1. add an air stone in the reaction chamber this is driven by an air pump and allows for more air to be added directly in to the reaction chamber.

2. Recirculation pump. This can be modded in to most venturi style skimmers it is simply a closed loop with a pump that recirculates the water that is already in the skimmers reaction chamber. Also you can set this pump as a venturi allowing for more air in the mixture. also a recirculation pump will also increase reaction time.

3. obvisouly adding a larger motor to your skimmer will allow for more air and water in the skimmer, this will how ever lessen your reaction time because of more flow.


----------



## Raptor

A nice dark skimmate.


----------



## rbp 4 135

yep i have some pictures of when i was cleaning out my pm bullett II, the shim mate that stays in the collecton cup is just like a black clay, what collects in the waste container is like the worst smelling coffee ever. ill post them up when i get back home.


----------



## Kohan Bros.

if u want my best advice never buy venturi skimmers, yes they can run well but the time and effort needed to make them is more time consuming then its worth and often hard to maintain at a constant rate of quality skimming. and finnally sometimes the pump driving the skimmer is more important then the skimmer itself many times u can get more out of the skimmer with a better pump


----------



## Puff

what are the best HOB skimmers?

i was looking at the aqua c remora for a 35G i was setting up. does it come with a surface skimmer box or whatever the f*ck it's called?


----------



## jasert39

remora are a good hob skimmer from what I have always read, I dont have any experince personally with them, but reviews always sound nice.

I ran a cpr bak pak for a while on a forty gallon and thought it was pretty decent once everything was dialed in.
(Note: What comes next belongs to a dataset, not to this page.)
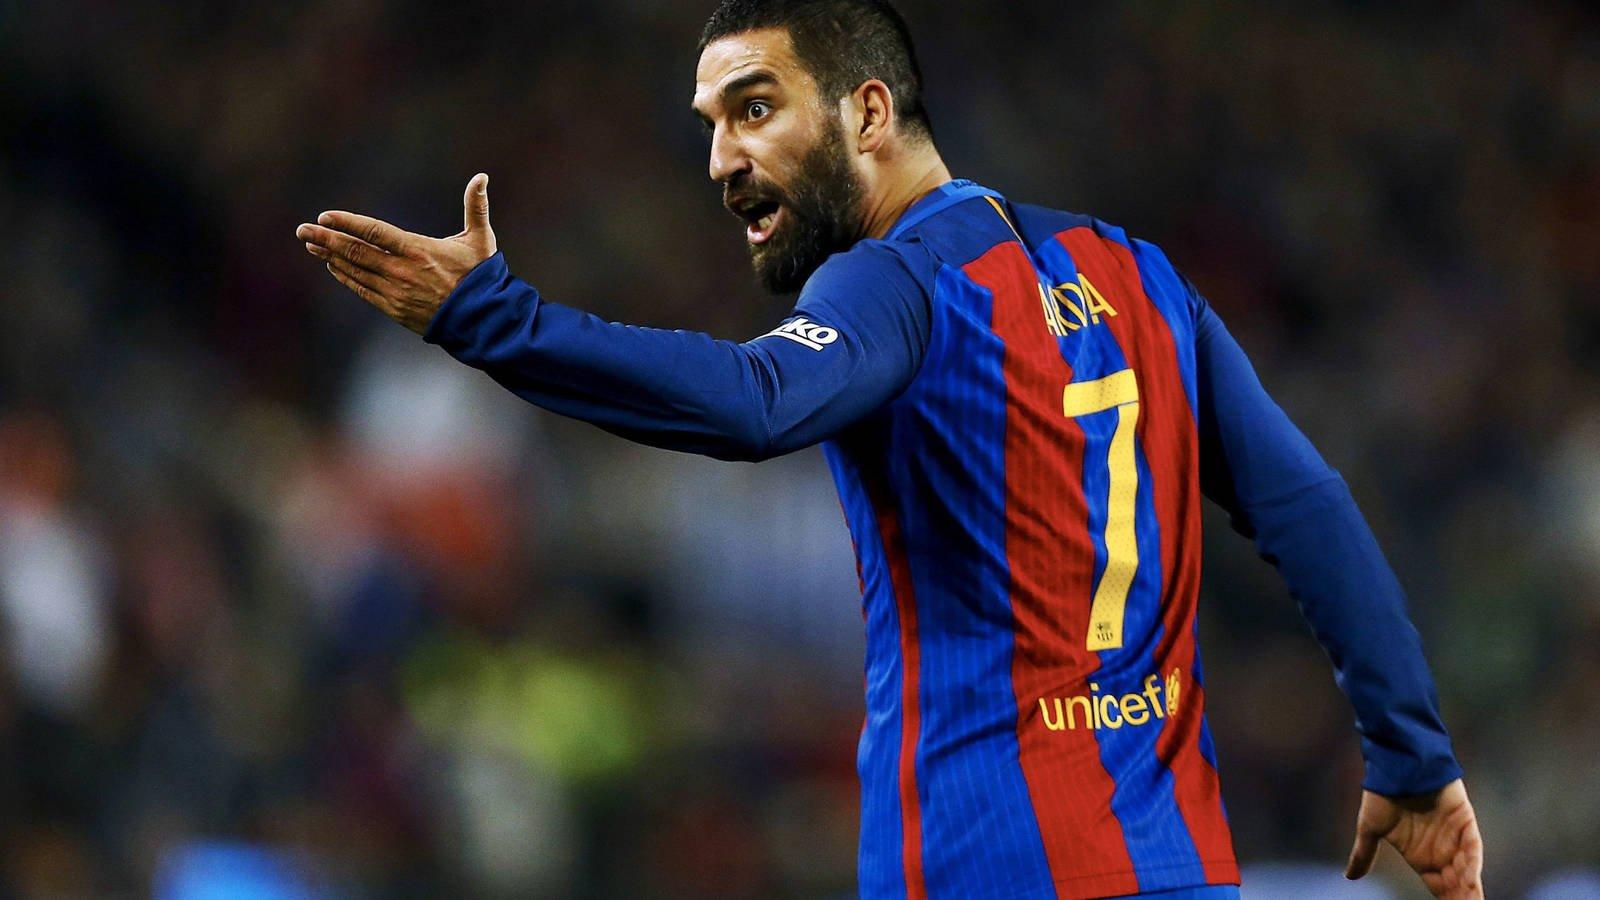 El Barça sólo tiene un jugador que finaliza contrato el 30 de junio: Arda Turan - Bóng Đá

Both of these skimmers have the surface skimmer box thingy but I;m pretty sure they need to be purhcased separetly.


----------



## Puff

im trying to decide between the remora pro and the bak-pak 2R+

damned hard choice! the bak pak is cheaper, but the pump supposedley sucks balls.

do you know if any pump works for the bak pak? or just the one it comes with or maxijet?

im looking at the aquamedic 1000 multi turboflotor...it has REALLY good reviews from what ive seen. but would it be TOO much for a 35-50G tank?

one positive is that the turboflotor could still be used if i upgraded or got a sump at some point in the future.


----------



## jasert39

i think when I was running my bak pak i had maxijet running it (i for some reason think it as a 900, but can be certain)


----------